> **Try it**: Copy the closing run of lines, from the one with "The Jungle Wallpaper" through the last line of the listing, exactly and without any pictures.
Top of Provided material
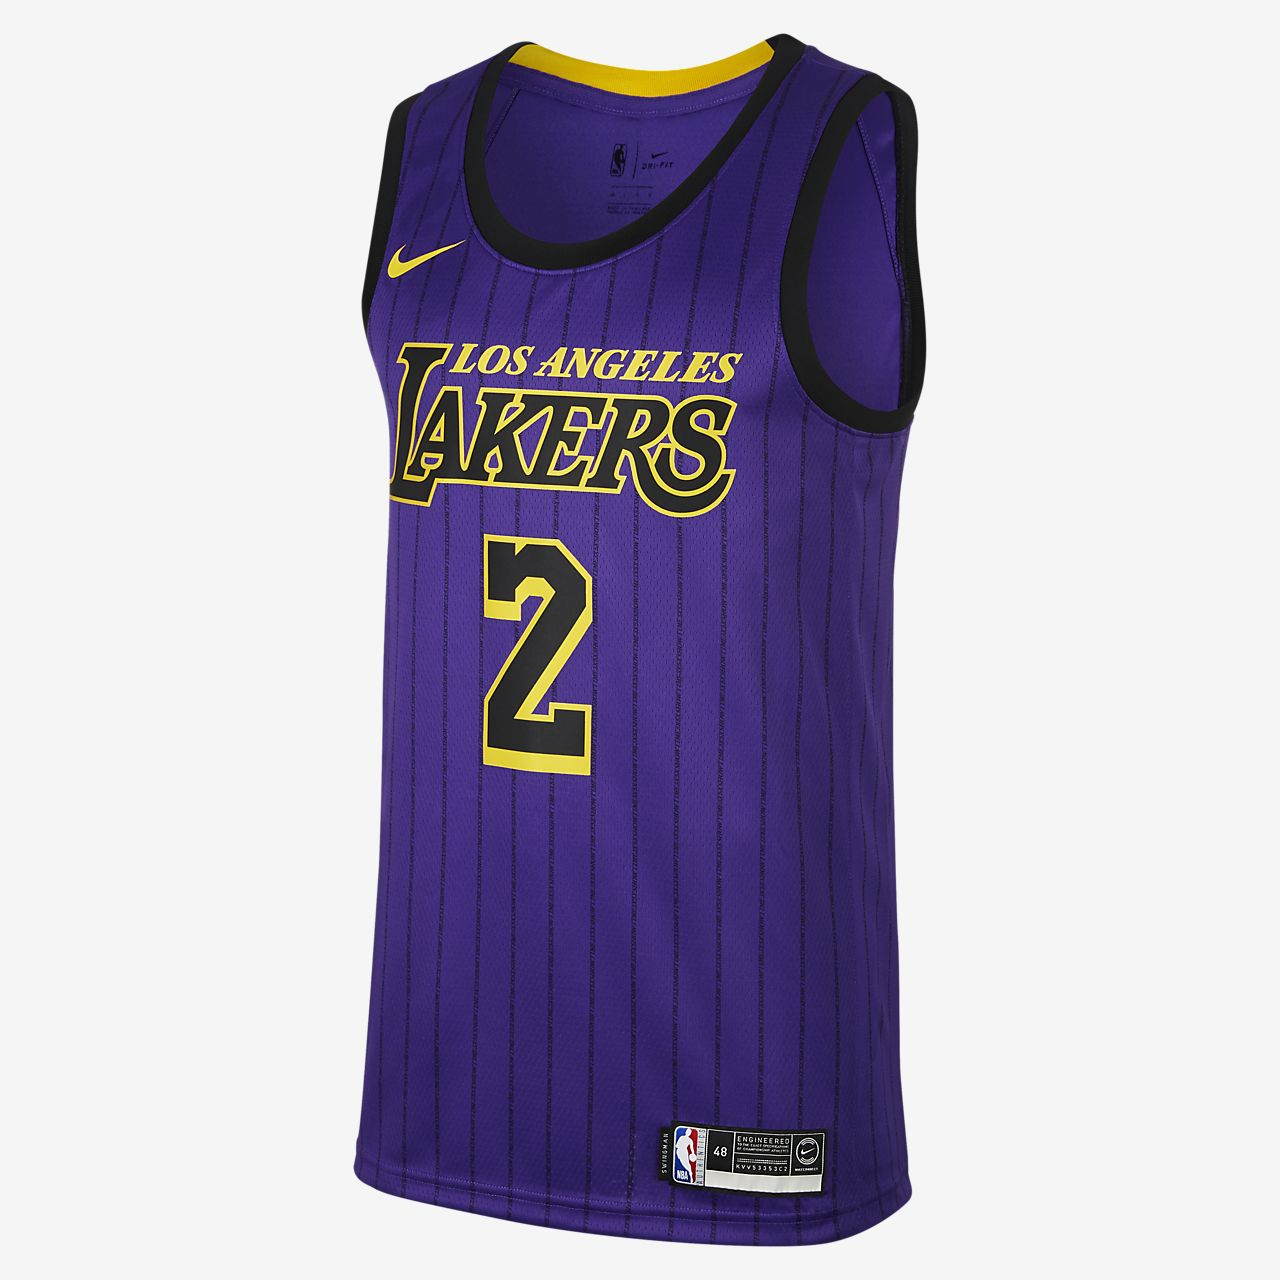 Pánský dres Nike NBA Connected Lonzo Ball City Edition Swingman (Los Angeles Lakers)
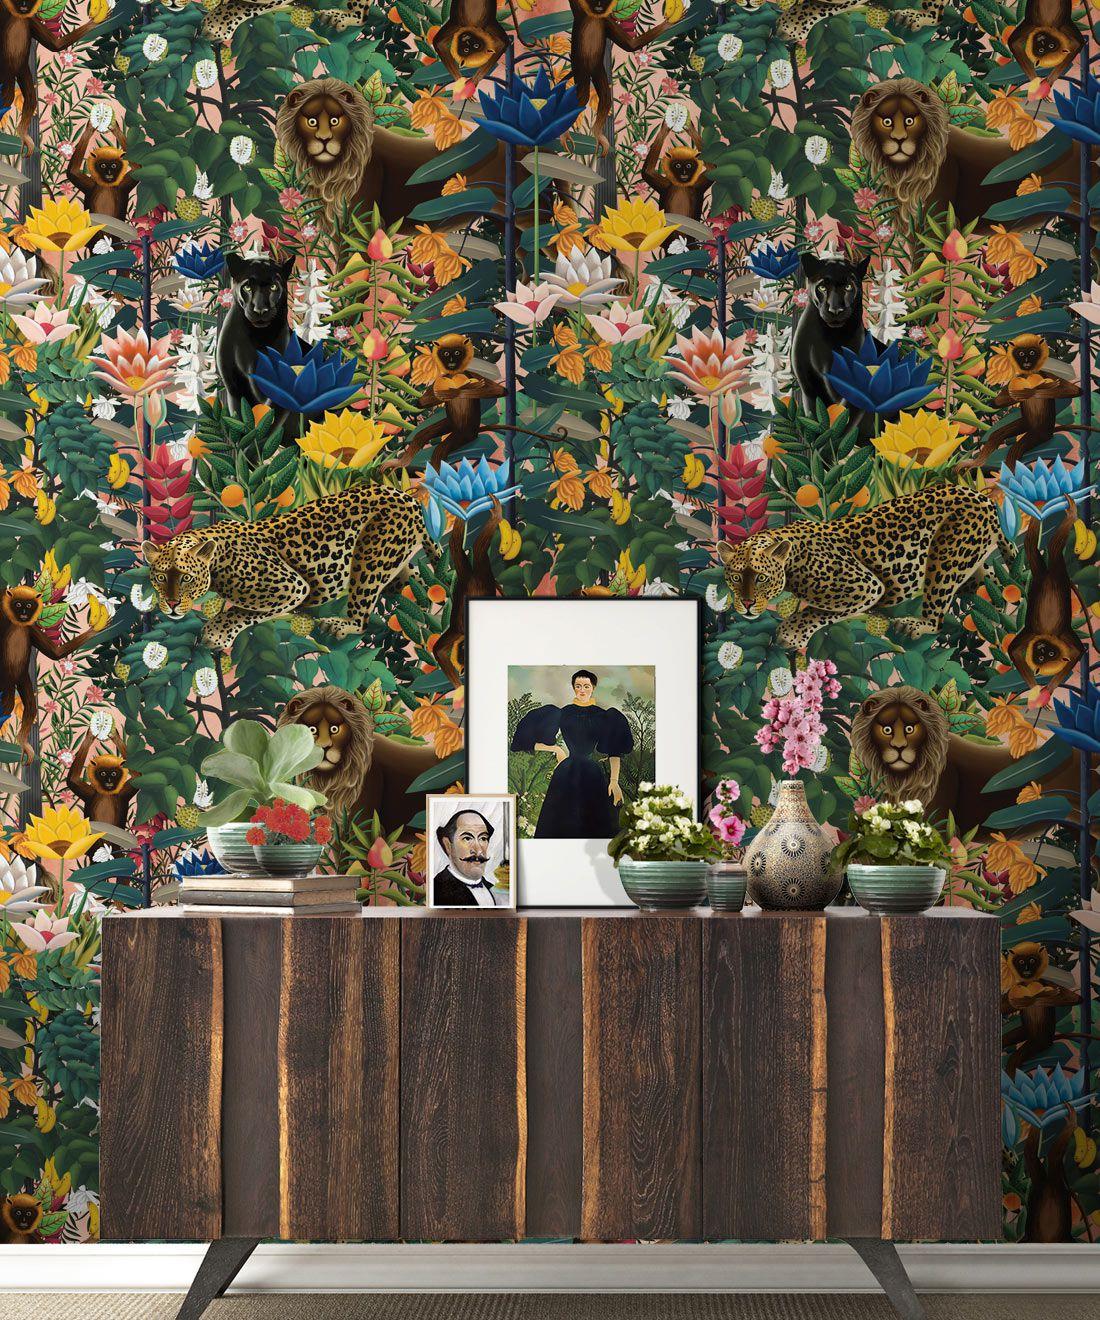 The Jungle Wallpaper • Animal Wallpaper • Botanical Wallpaper • Coral Wallpaper • Insitu
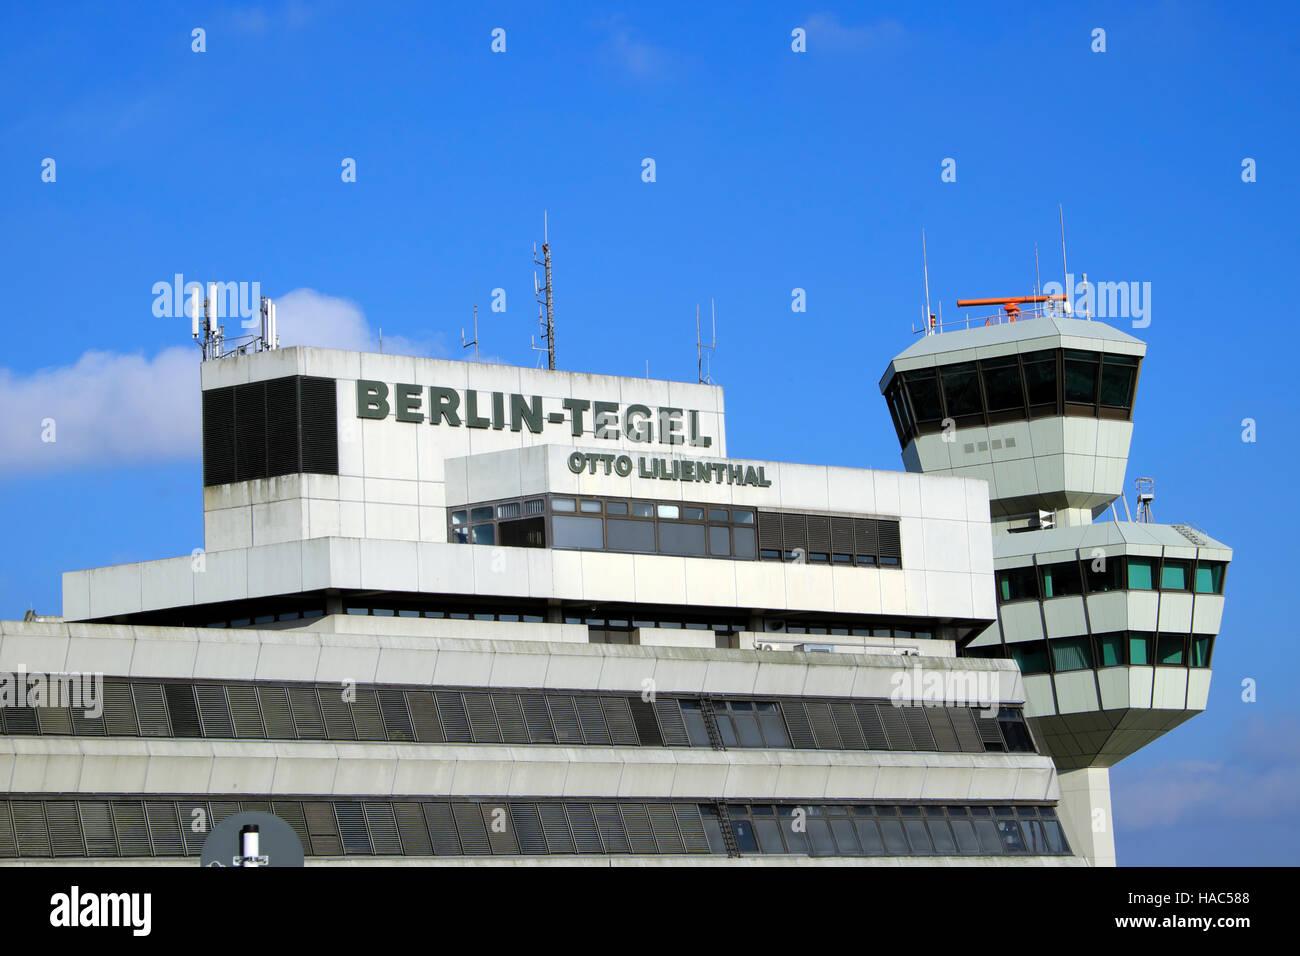 Berlin Tegel Airport Stock Photos & Berlin Tegel Airport ...
Bottom of Provided material
> **Reply to the exercise**:
 The Jungle Wallpaper • Animal Wallpaper • Botanical Wallpaper • Coral Wallpaper • Insitu
 Berlin Tegel Airport Stock Photos & Berlin Tegel Airport ...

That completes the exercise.